La incitación al golpe de Estado llega ahora de la mano de quienes forman el disco duro del proyecto unificador y nostálgico hispano. Desde la Iglesia, la asociación de fiscales, la Guardia Civil, la Policía, el Ejército, los bancos, la patronal, la «intelectualidad» y, sobre todo, desde el PPJ (Partido del Poder Judicial), las manifestaciones han sido tan sostenidas que a uno se le eriza la piel. No tengo dudas de que, de producirse décadas antes, el golpe de Estado se hubiera engendrado, abocando a las cunetas a decenas de miles de hombres y mujeres y atiborrando nuevamente las cárceles. Hoy, sin embargo, los golpes de Estado no se rigen, con excepciones, con las técnicas definidas por Curzio Malaparte. El lawfare (eufemísticamente conocido como «golpe blando») se llevó por delante gobiernos progresistas como en Haití, Paraguay, Honduras, Brasil o Bolivia. Y criminalizó a otras oposiciones también disidentes del modelo de Estado, como en Guatemala, Colombia... Catalunya o Hego Euskal Herria para evitar que construyeran una alternativa.
Desde ciertas instancias, en particular cuando las incitaciones al golpe de Estado se han producido desde el Ejército español, el análisis ha sido leve: «están en la reserva y ya no tienen poder de decisión». Pero no es acertado. El hecho endogámico, en el Ejército y en la Guardia Civil especialmente, tiene un peso personal pero también político. Habría que recordar que los generales de división, capitanes generales, tenientes coroneles, y demás, hoy licenciados, fueron no hace mucho la vanguardia en los conflictos territoriales en España. Los que impusieron una estrategia determinada.

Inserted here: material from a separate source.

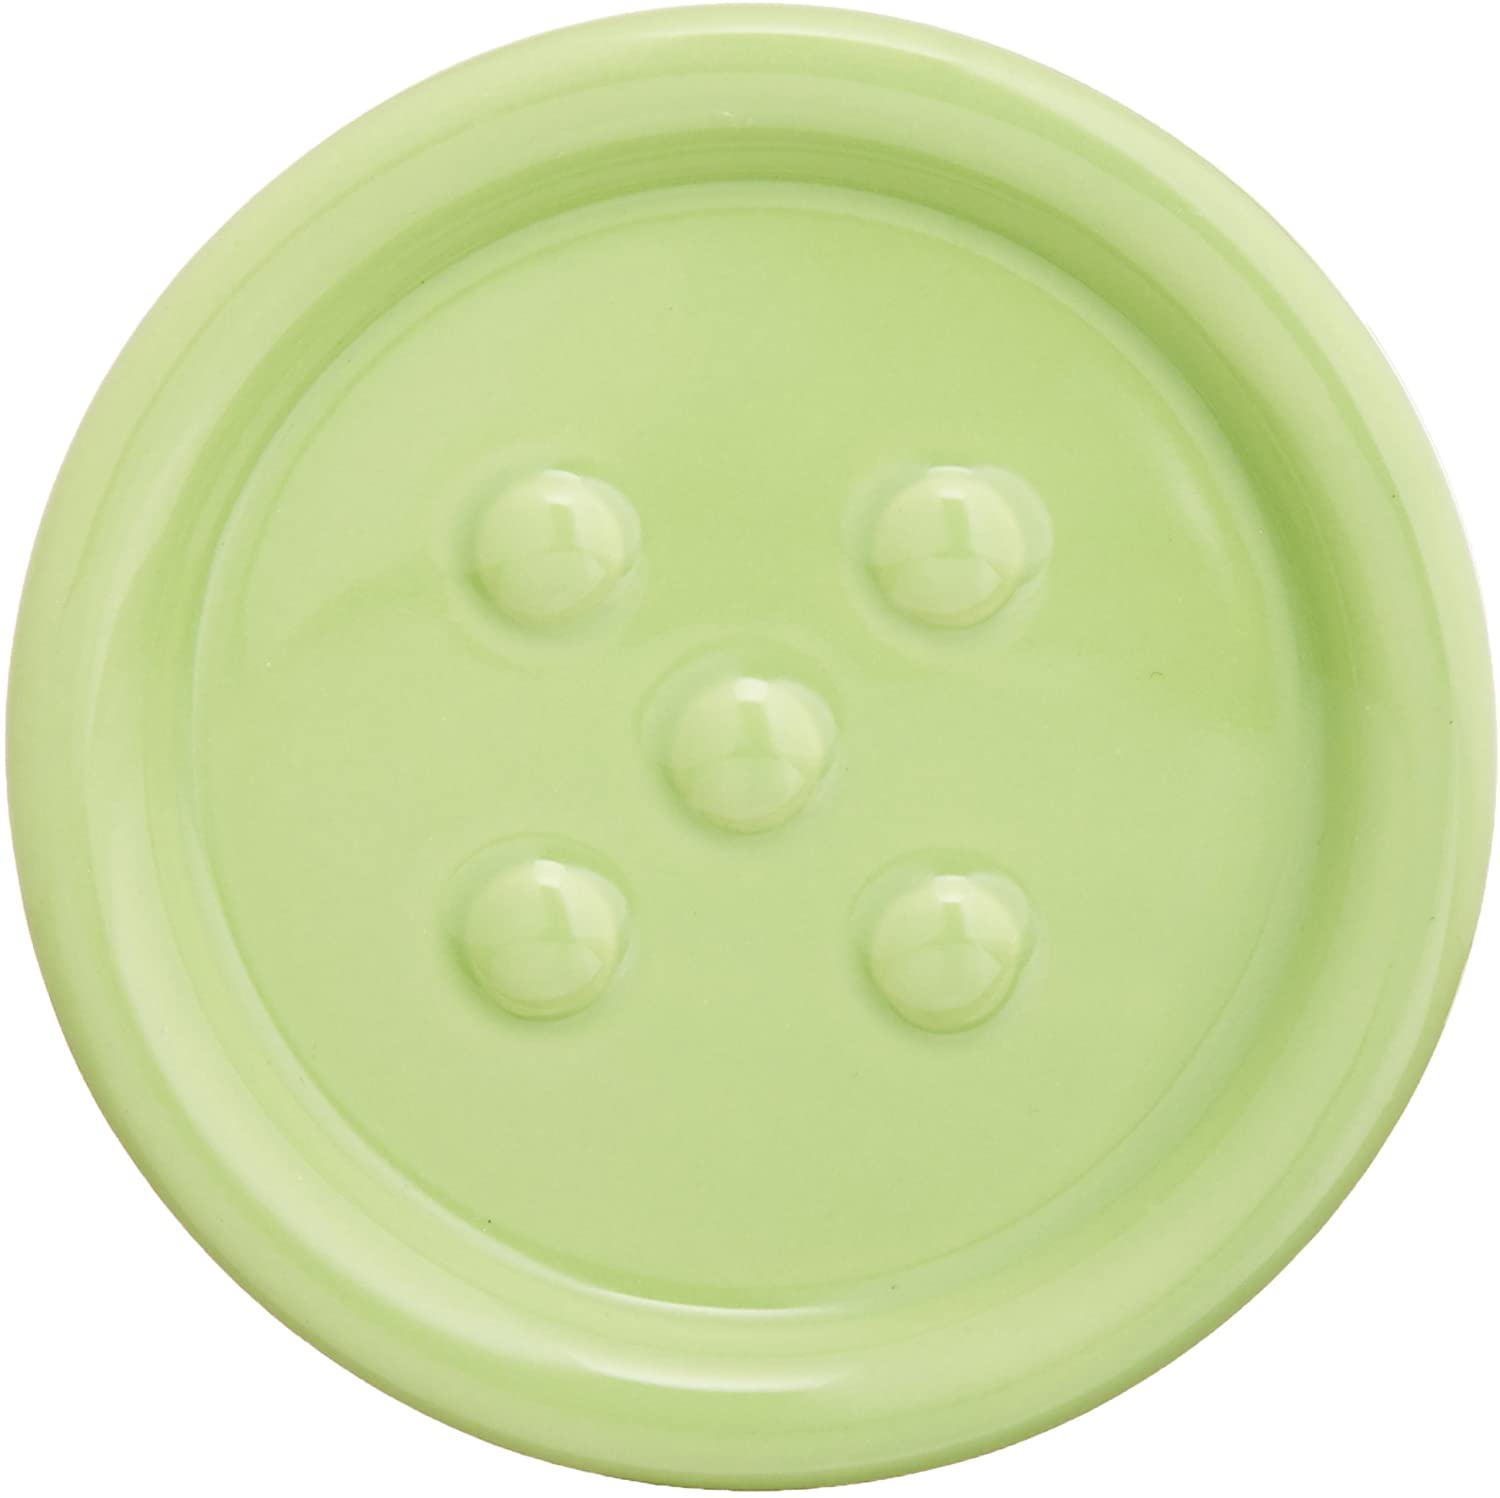 Seifenablage Polaris Green - Seifenschale ideal für Handseife, Keramik, 11 x 2.5 x 11 cm, Grün

Por poner un ejemplo ilustrativo. La AMD (Asociación de Militares Españoles), ya retirados, que es la que pedía la intervención del Ejército para derrocar al Ejecutivo de Pedro Sánchez, ilustra su manifiesto golpista con la fotografía de la rueda de prensa que ETA ofreció en Talence (Burdeos) en 1973 para reivindicar el tiranicidio de Carrero Blanco. Asociación de ideas lo llaman. Varios de estos generales jubilados continúan en activo en empresas asistenciales, alguna de ellas, por cierto, subcontratadas por instituciones provinciales vascas.
La enjundia alcanza, asimismo, al PPJ, convertido en el principal actor de la política española, tanto para avalar proyectos sociales y nostálgicos, como para mirar hacia otro lado cuando se trata de guardar las espaldas de sus soportes públicos. Las manifestaciones de quienes supuestamente deben imparcialidad apoyando las tesis de Abascal y Feijoo recuerdan a las de una monarquía bananera. El mantra de «España es una democracia consolidada», repetido hasta la saciedad por unos y otros, baila a la par del «excusatio non petita, accusatio manifesta». ¿Tan seguros están de sus cimientos? ¿O necesitan de nuevo la fuerza?